»»

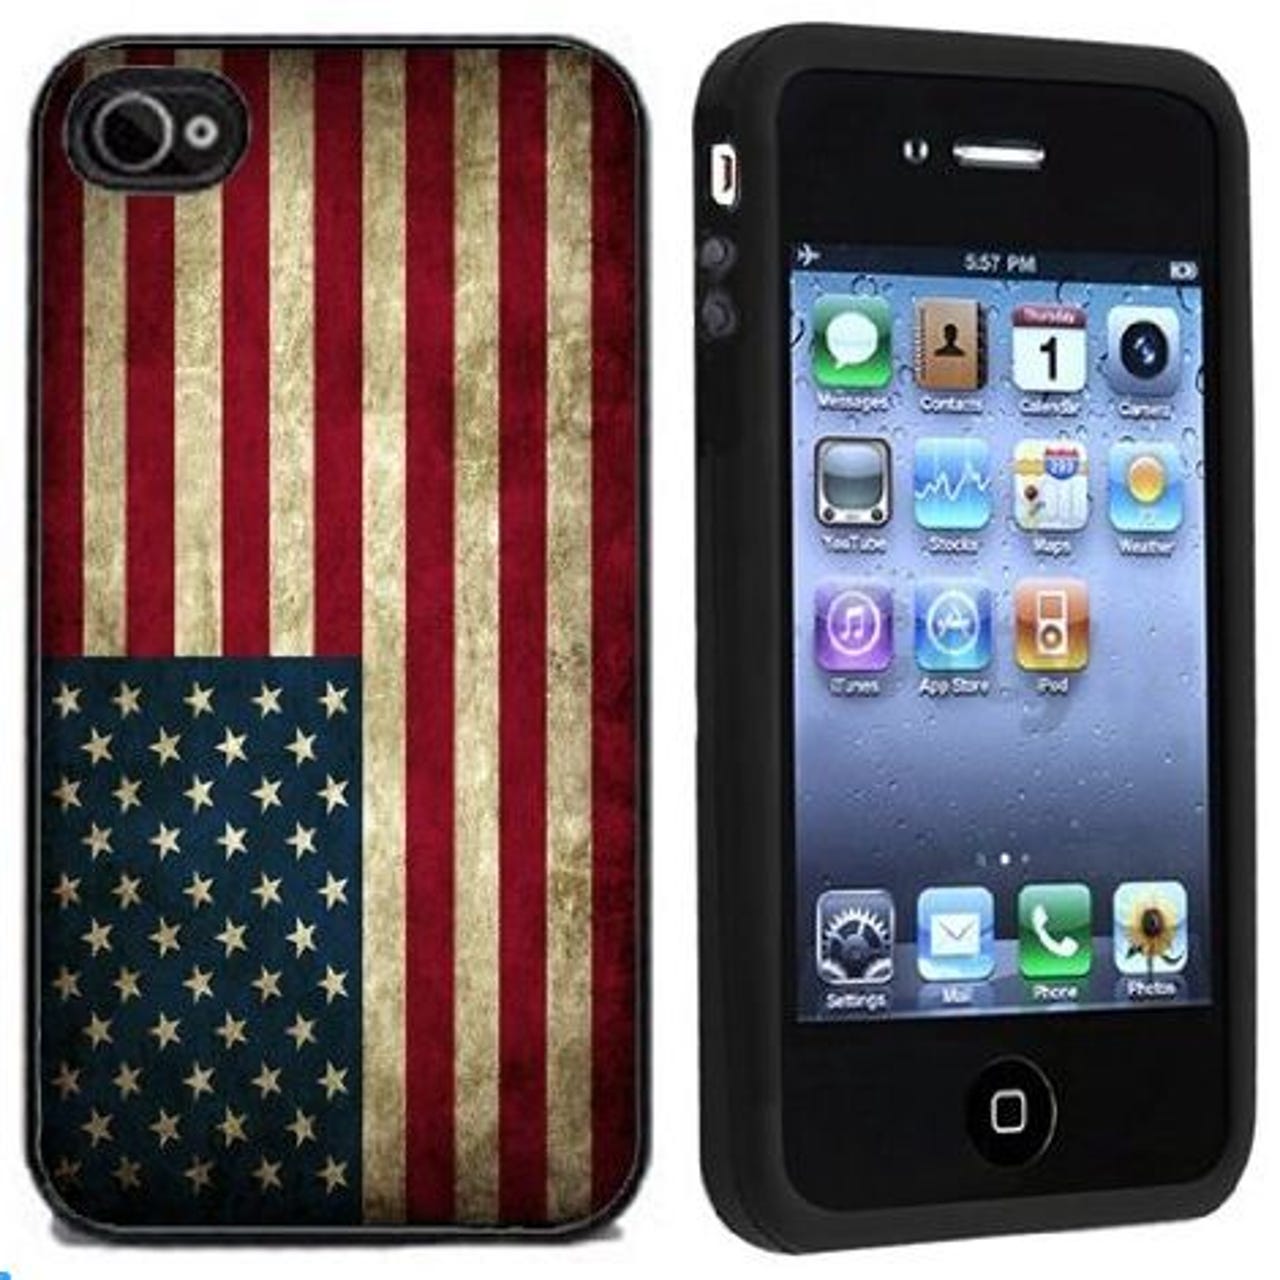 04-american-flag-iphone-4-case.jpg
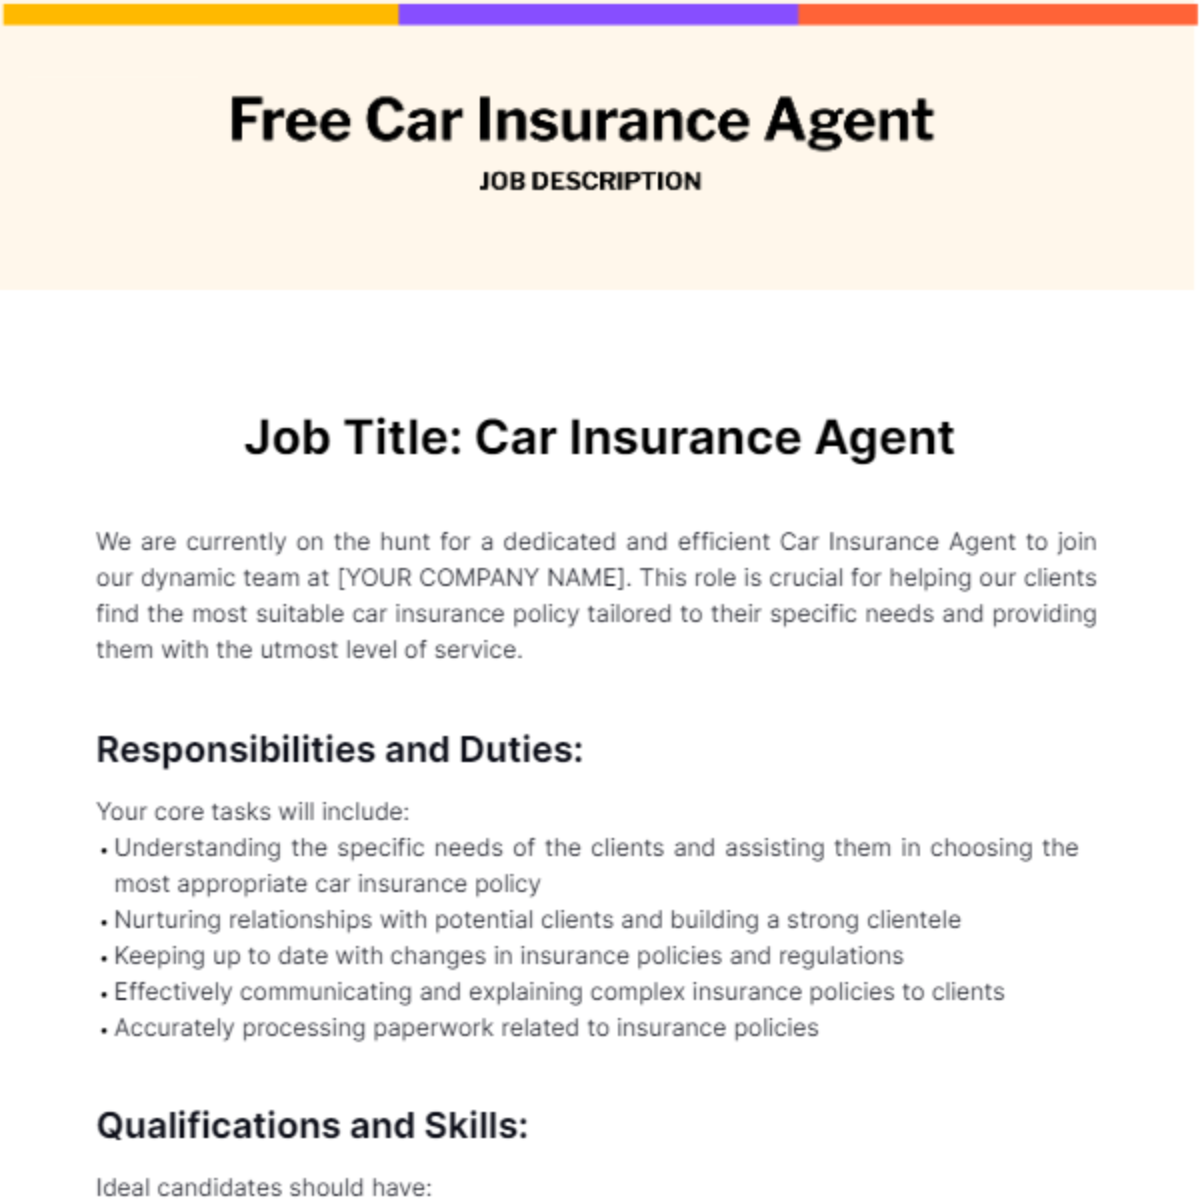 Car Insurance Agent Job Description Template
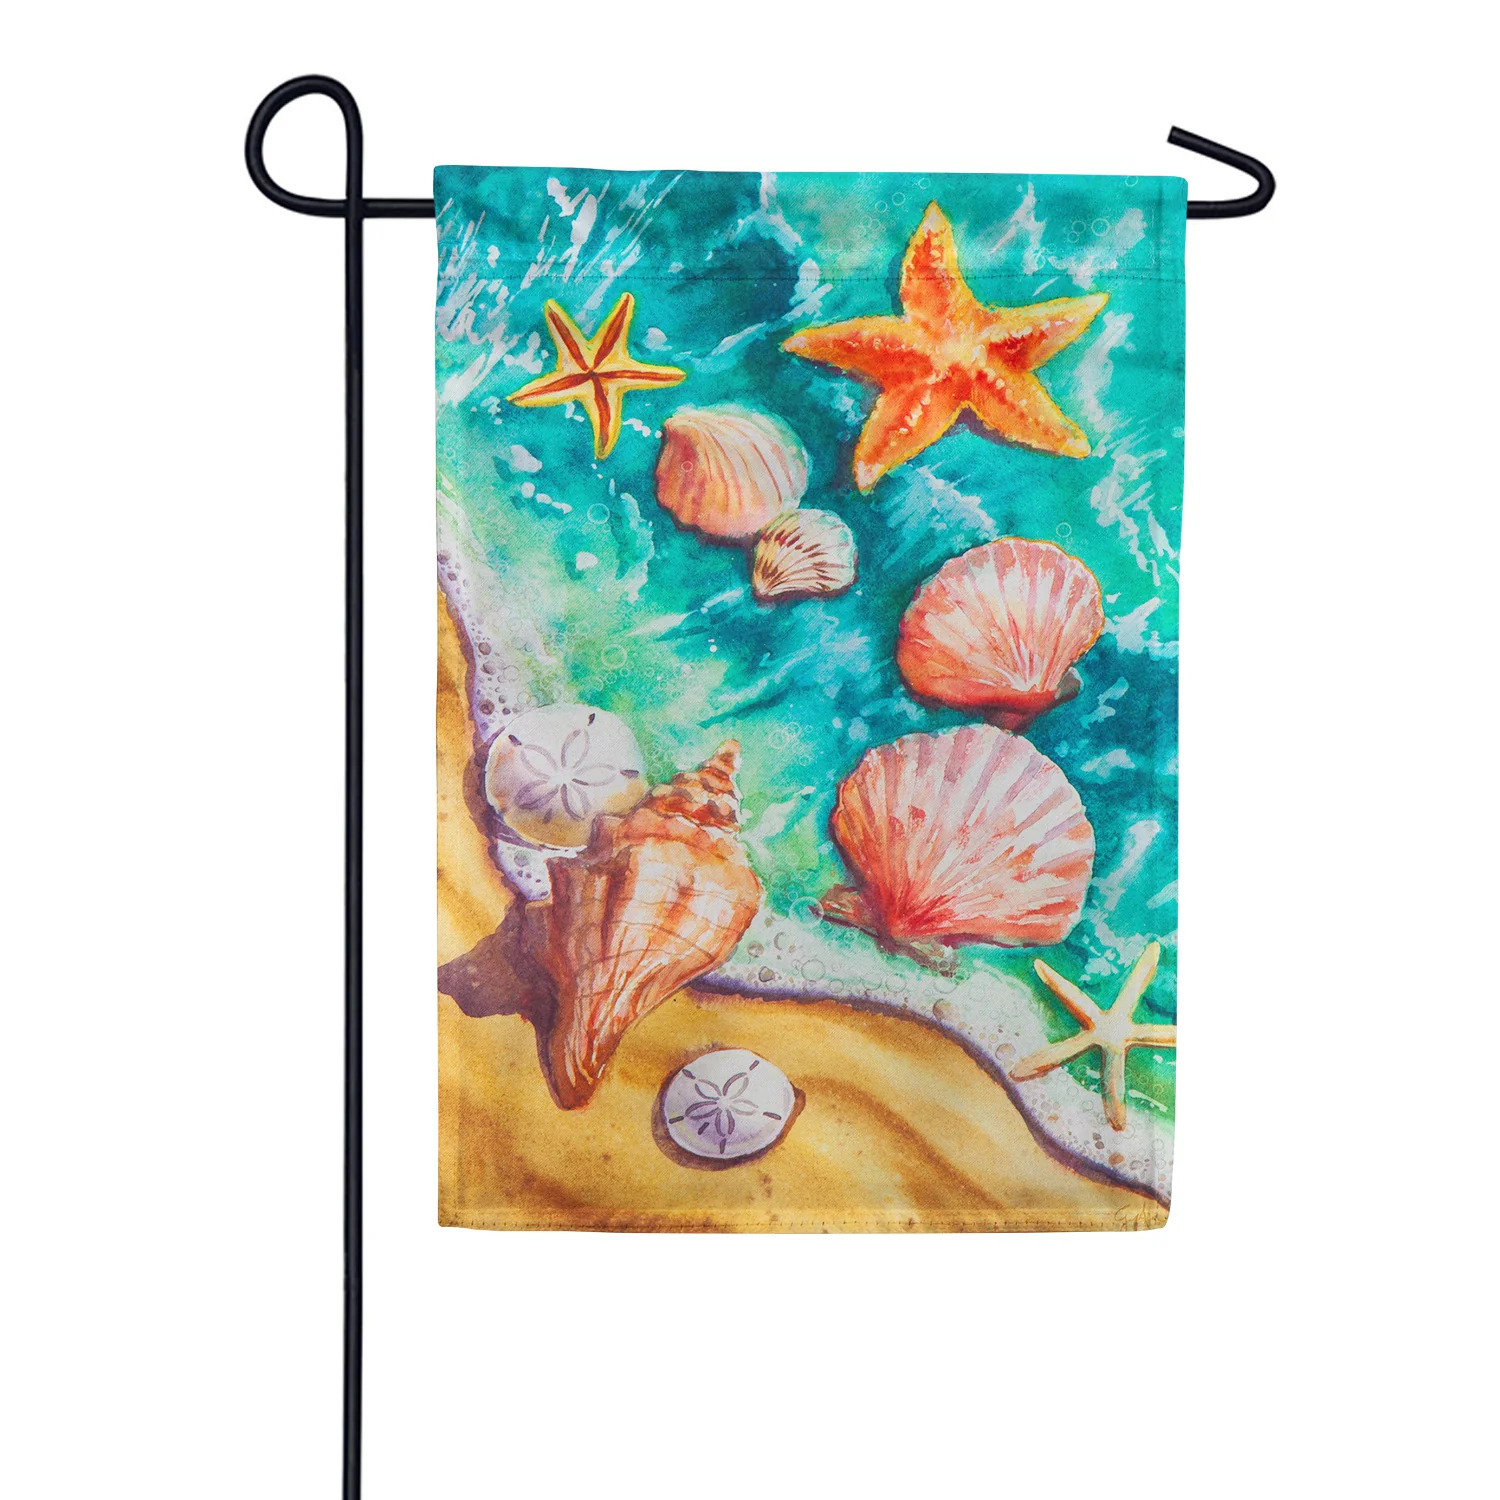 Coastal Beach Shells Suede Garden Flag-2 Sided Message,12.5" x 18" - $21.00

««

§ **WORK ORDER**
Reproduce the whole listing above word for word, but not its pictures.

§ **ANSWER AREA**
 04-american-flag-iphone-4-case.jpg
 Car Insurance Agent Job Description Template
 Coastal Beach Shells Suede Garden Flag-2 Sided Message,12.5" x 18" - $21.00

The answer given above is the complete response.